TRIVIA:  Wikipedia, imdb
1.  Ngor was in the labor camps.  His wife died in childbirth because she refused to call for his help because she knew the Khmer Rouge was murdering doctors.  After four years, he escaped to Thailand.  He was discovered by the casting director at a Cambodian wedding in Los Angeles.  He became the first Southeast Asian to win an acting Oscar.  He was the second non-professional actor to win one.  (First was Harold Russell for “Best Years of Our Lives”.)  He was murdered in his garage by a thief interested in his gold locket (which had a picture of his wife).  When his Oscar was found in his home, all the gold had been rubbed off it indicating that he had clutched it a lot.
2.  It has a 93% rating on Rotten Tomatoes.
3.  The score is by Mike Oldfield of “Exorcist” fame.

Belle and Blade  =  N/A
Brassey’s              =  4.0
Video Hound       =  N/A
War Movies         =  5.0
Military History  =  no
Channel 4             =  #15
Film Site                =  no
101 War Movies  =  yes
Rotten Tomatoes  =   no

OPINION:   The plot is solid.  The theme of friendship is not maudlin.  The final reunion is touching and believable.  The movie does a good job of leaving doubts about Schanberg’s motives.  His guilt feelings come out and there is an element of redemption, but I felt he was something of an ass hole.  This ambiguity added to the depth of the character.  The theme of the perseverance of the human spirit as exhibited by Pran’s survival and escape is the main reason the film is rated as inspirational.  The camaraderie and competition between the journalists and their love/hate relationship with war is not ground-breaking, but well handled.  The government as cover-upper is also stereotypical, but Joffe does not rant.
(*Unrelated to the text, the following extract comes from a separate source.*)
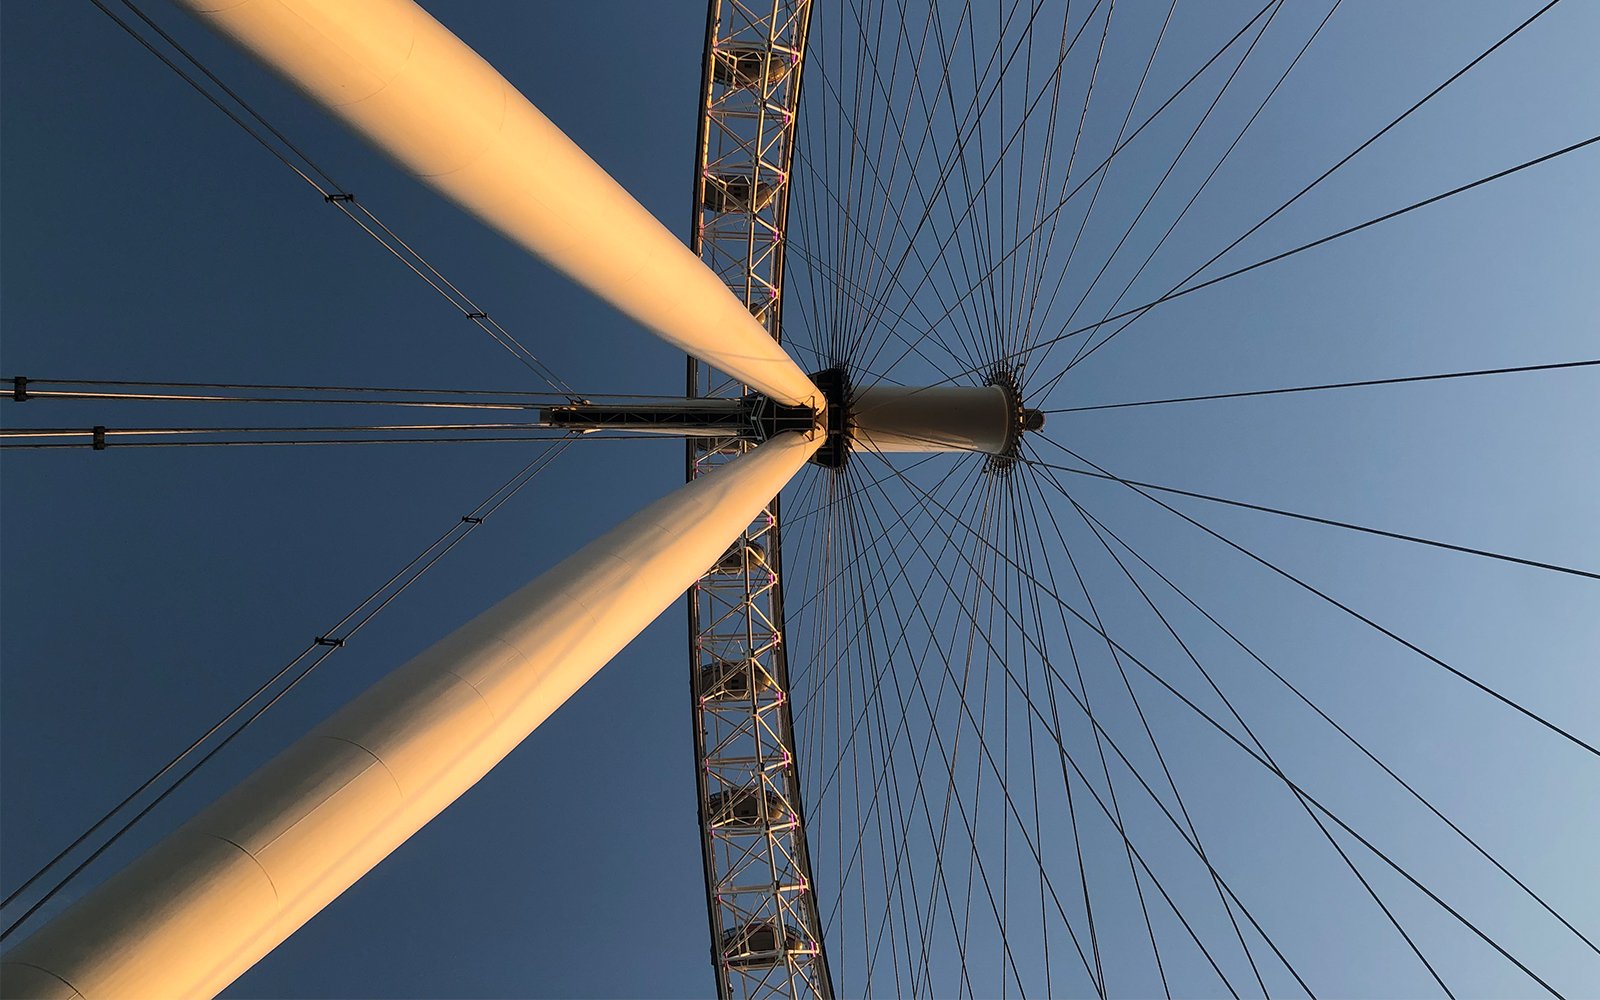 View of Ferris Wheel from below

                 “The Killing Fields” is an overrated movie, as are most from this subgenre.  Movie critics like to imagine that because they write for newspapers, they are kin to war journalists.  If they give one of these movies a bad review, they may have to face a collegue who will ask them if they have ever been in the shit.  Plus, those guys are fracking crazy and may bash your head with a beer bottle (or put their joint out on your face).  As far as the Academy voters are concerned, they love their screenwriter buddies who are cousins to the war journalists.